> _Stored data_:
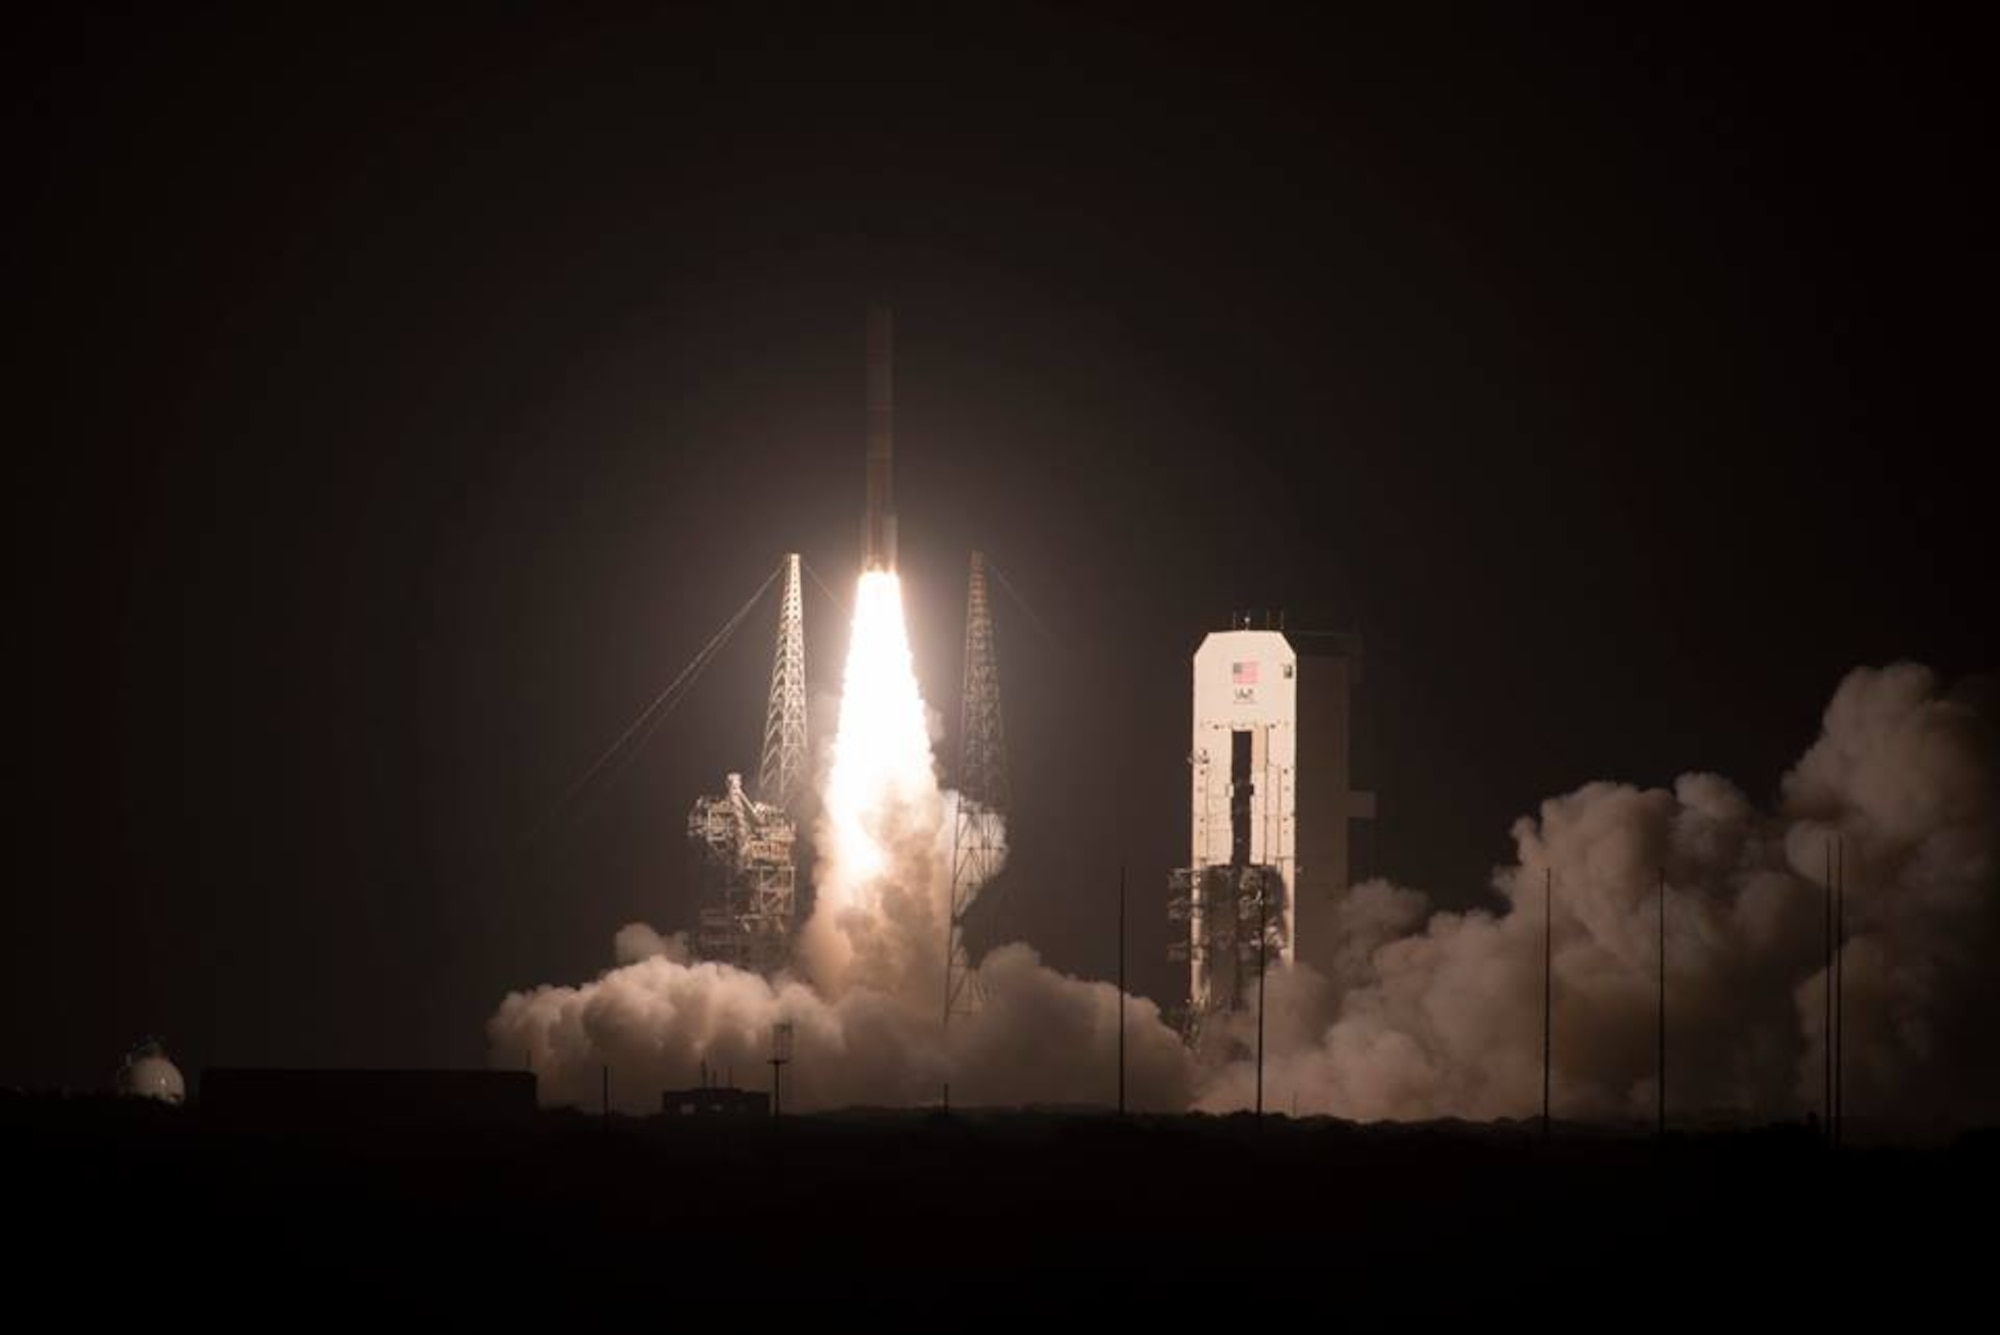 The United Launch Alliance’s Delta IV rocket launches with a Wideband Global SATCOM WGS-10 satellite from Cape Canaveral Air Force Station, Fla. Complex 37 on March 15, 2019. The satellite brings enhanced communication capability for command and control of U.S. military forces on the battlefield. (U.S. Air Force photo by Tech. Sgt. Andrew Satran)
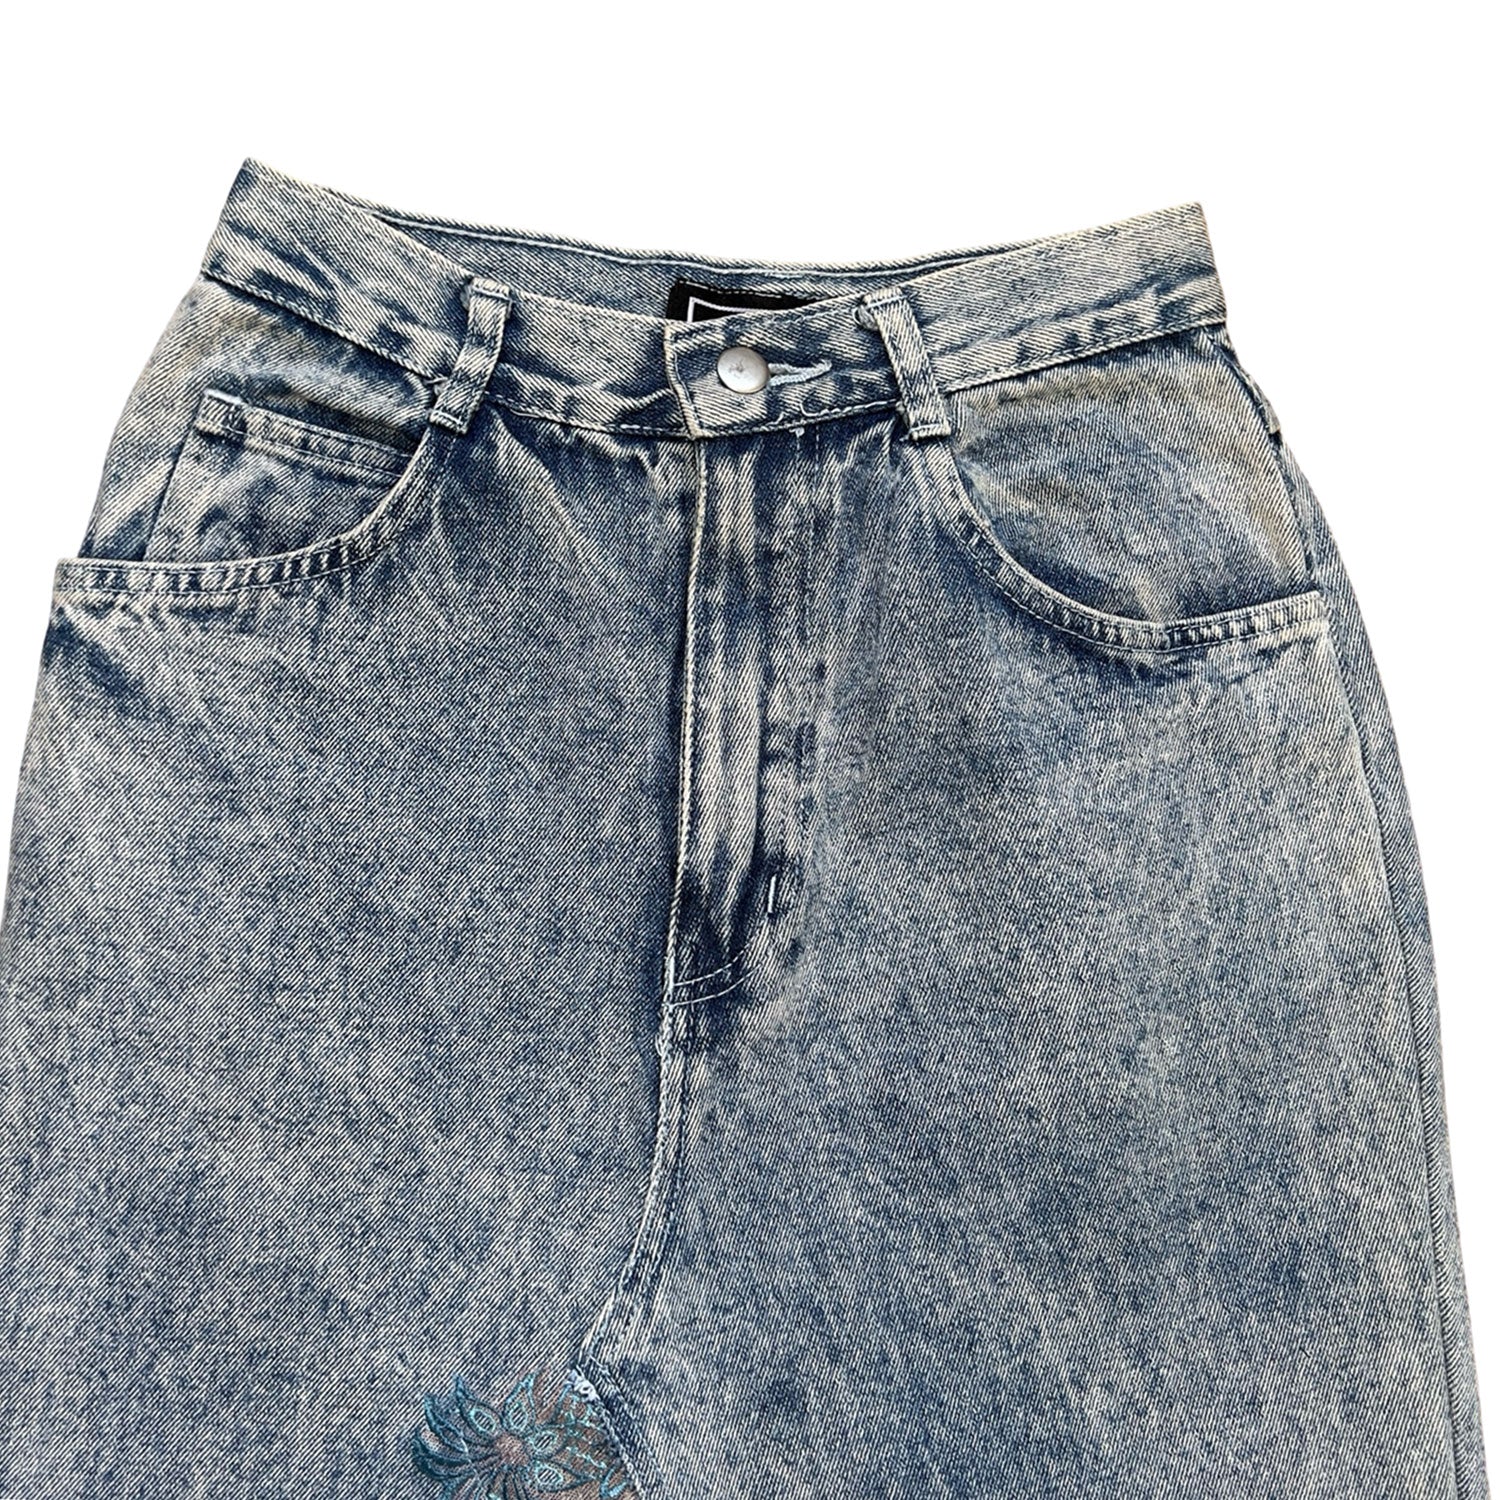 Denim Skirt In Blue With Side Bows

* * *

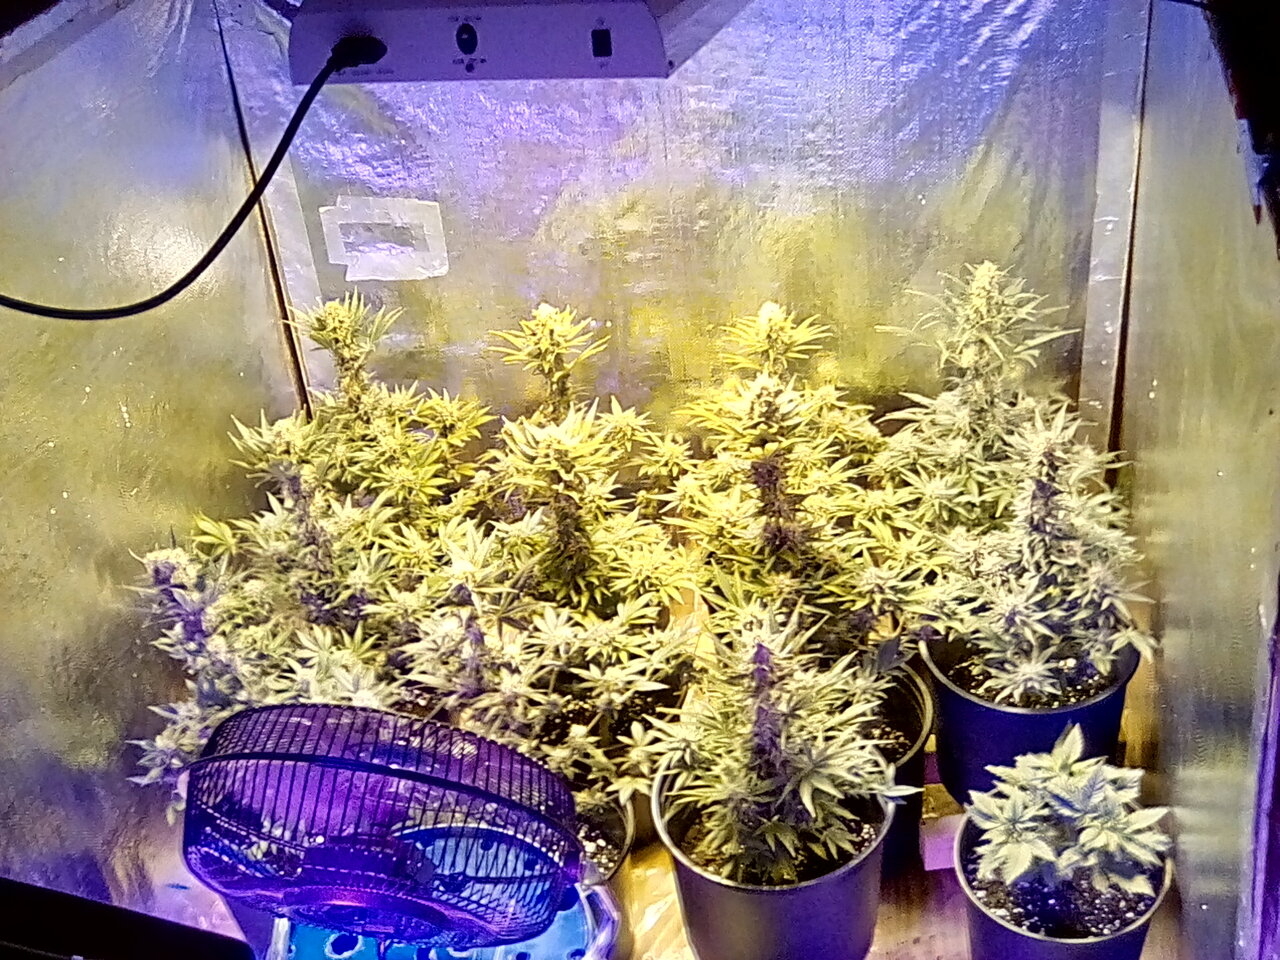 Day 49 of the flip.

...

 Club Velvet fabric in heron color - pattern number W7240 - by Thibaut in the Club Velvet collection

> _What you will do_:
For the material above, give again only the lines starting at the line that contains "The United Launch" and ending at the line that contains "Denim Skirt In Blue With Side Bows". Pictures do not belong in the copy.

> _Answer for this exercise_:
 The United Launch Alliance’s Delta IV rocket launches with a Wideband Global SATCOM WGS-10 satellite from Cape Canaveral Air Force Station, Fla. Complex 37 on March 15, 2019. The satellite brings enhanced communication capability for command and control of U.S. military forces on the battlefield. (U.S. Air Force photo by Tech. Sgt. Andrew Satran)
 Denim Skirt In Blue With Side Bows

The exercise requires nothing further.